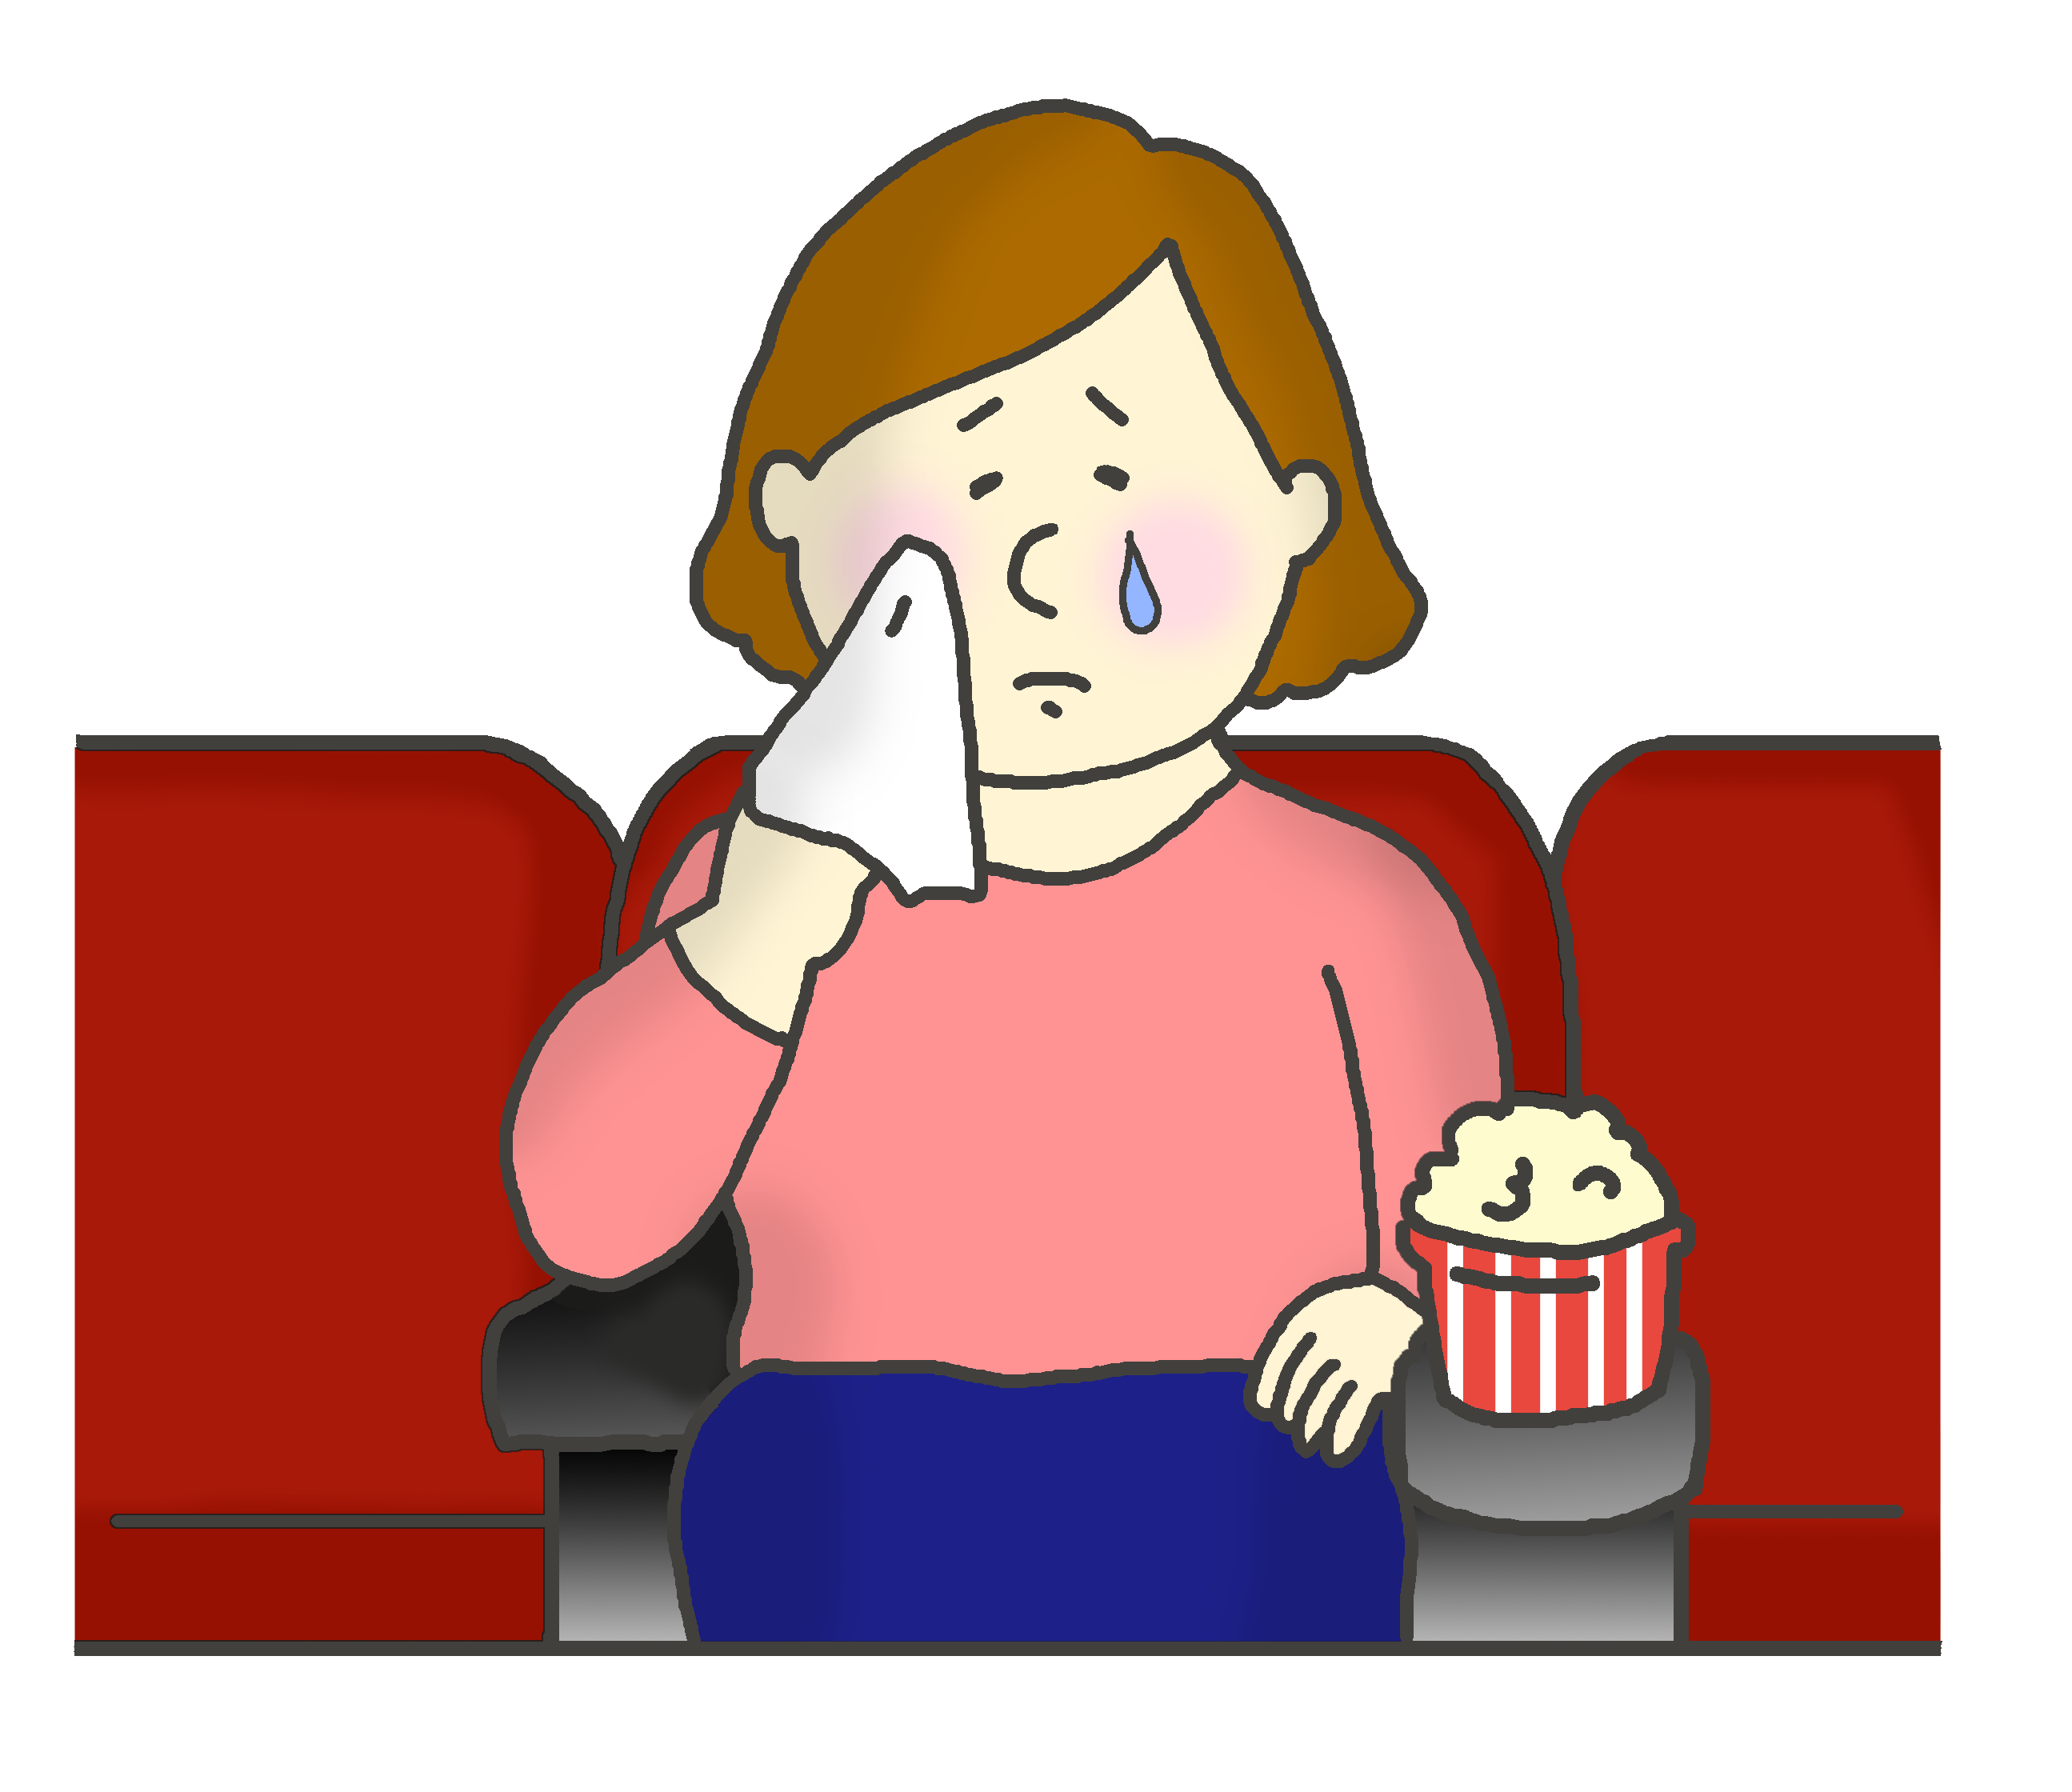 映画館で感動して泣く女性のイラスト
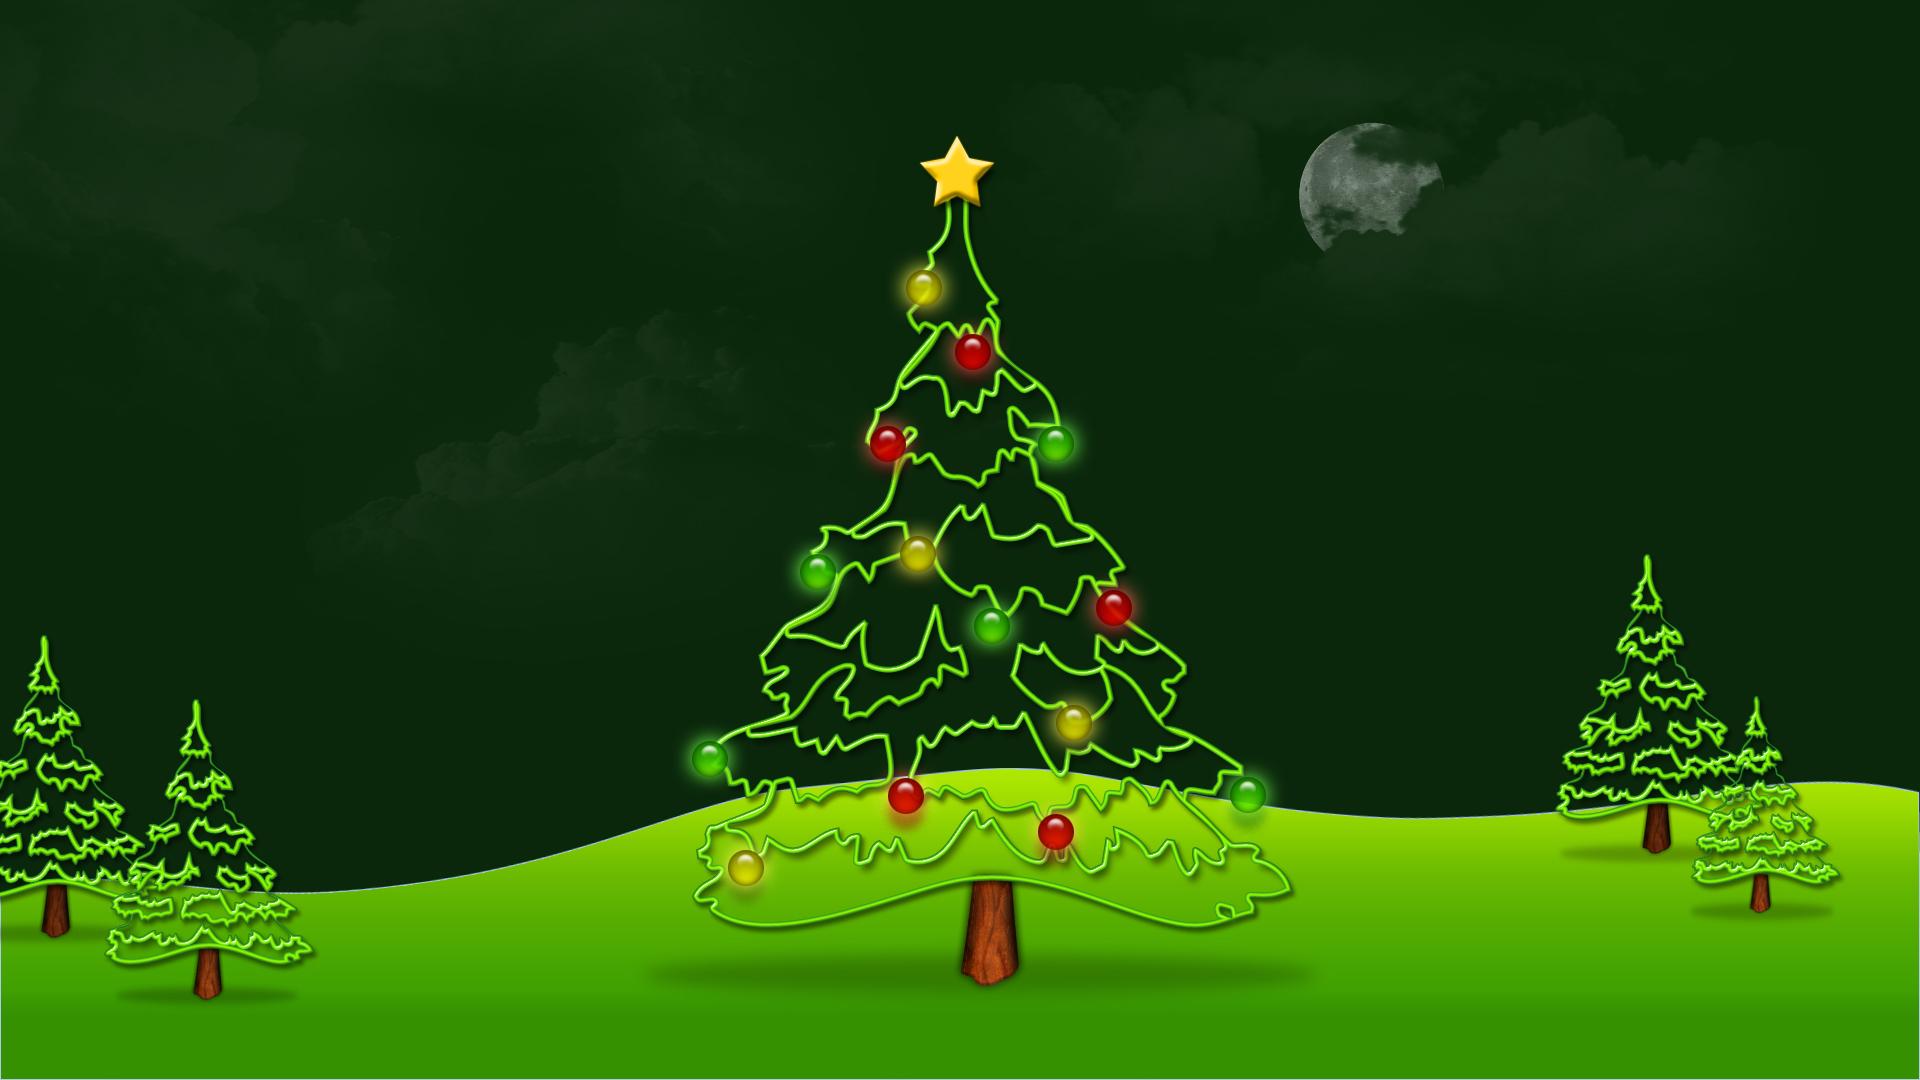 18 dtvyskzjxvj3xm desktop backgrounds christmas snow download filesize 1920x1080
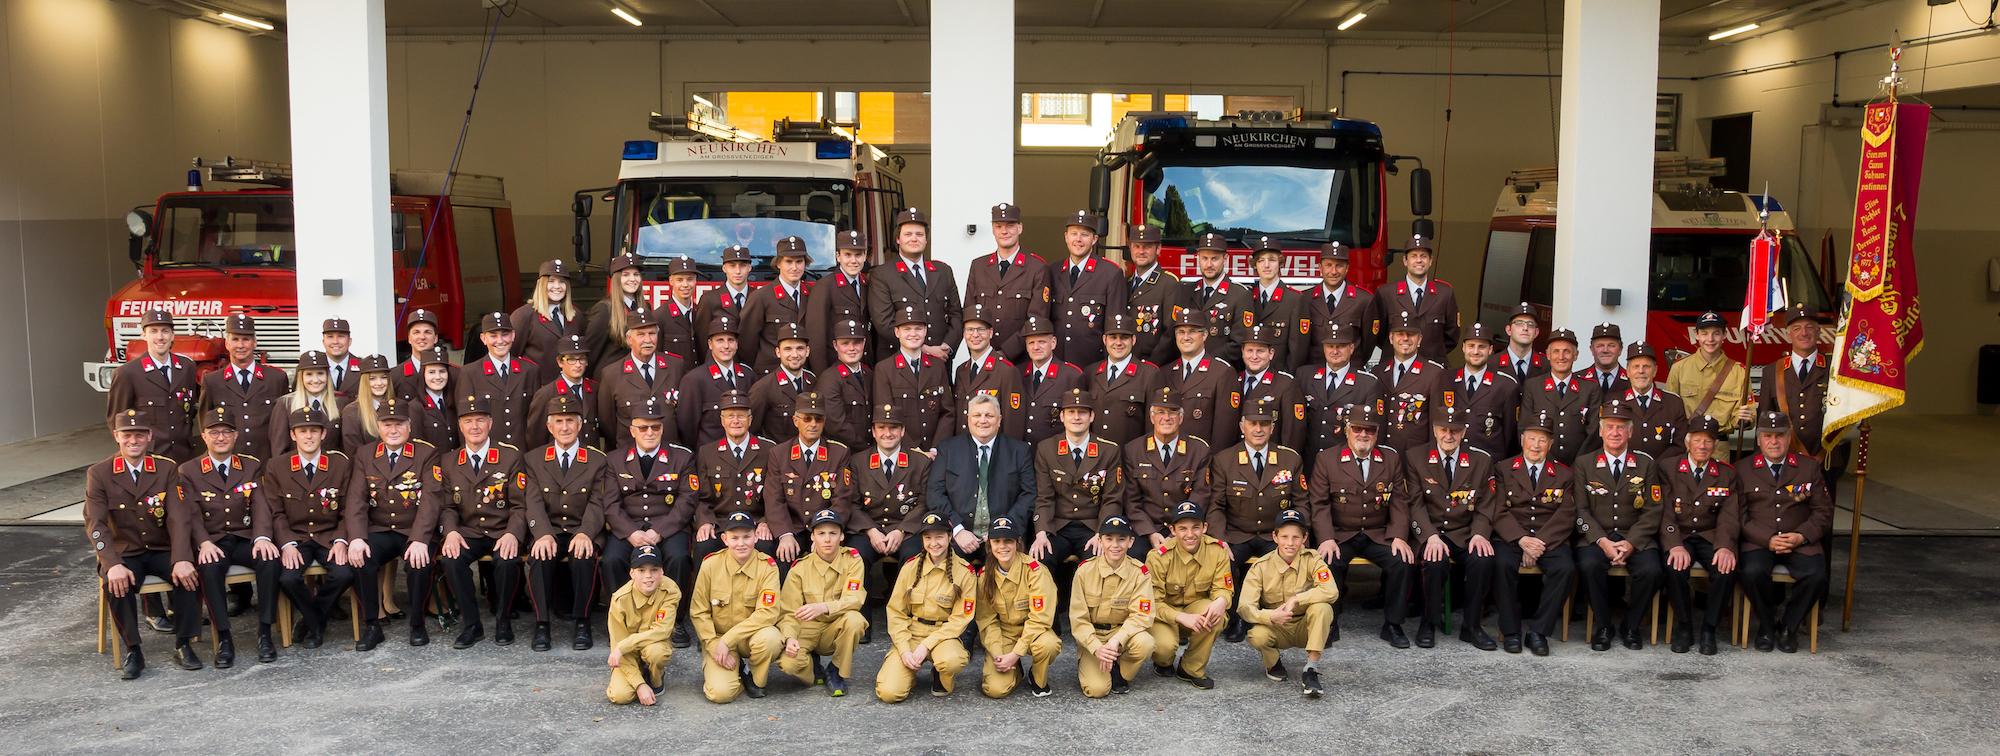 Feuerwehr Neukirchen 2019
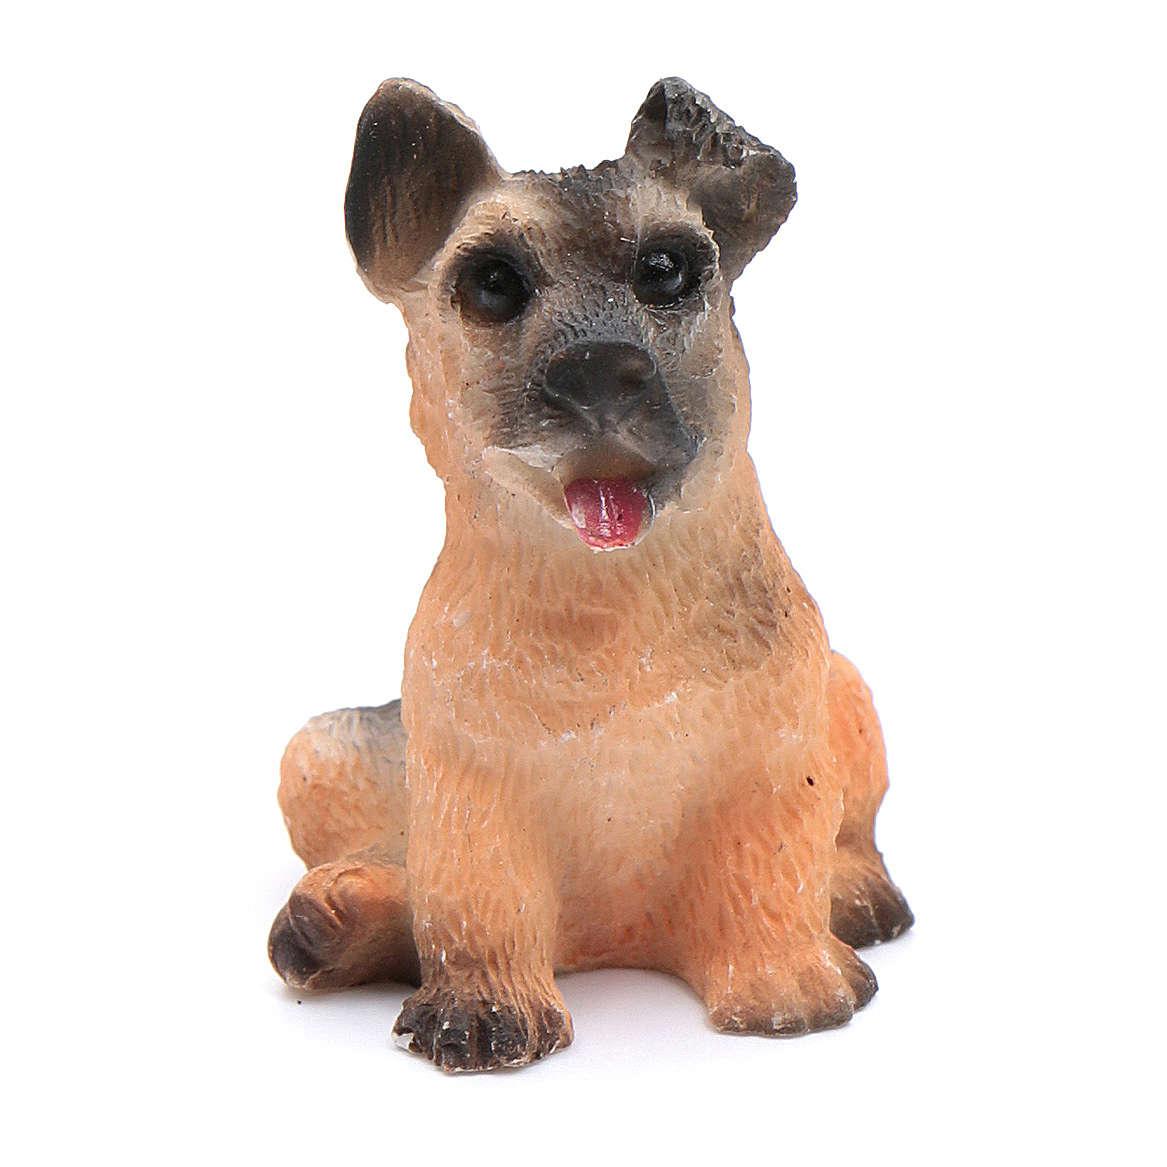 Cane assortito presepe altezza reale 3,5-4 cm 3

== Aim of the task ==
With the images excluded, reproduce the data above precisely as written.

== Result for this task ==
 映画館で感動して泣く女性のイラスト
 18 dtvyskzjxvj3xm desktop backgrounds christmas snow download filesize 1920x1080
 Feuerwehr Neukirchen 2019
 Cane assortito presepe altezza reale 3,5-4 cm 3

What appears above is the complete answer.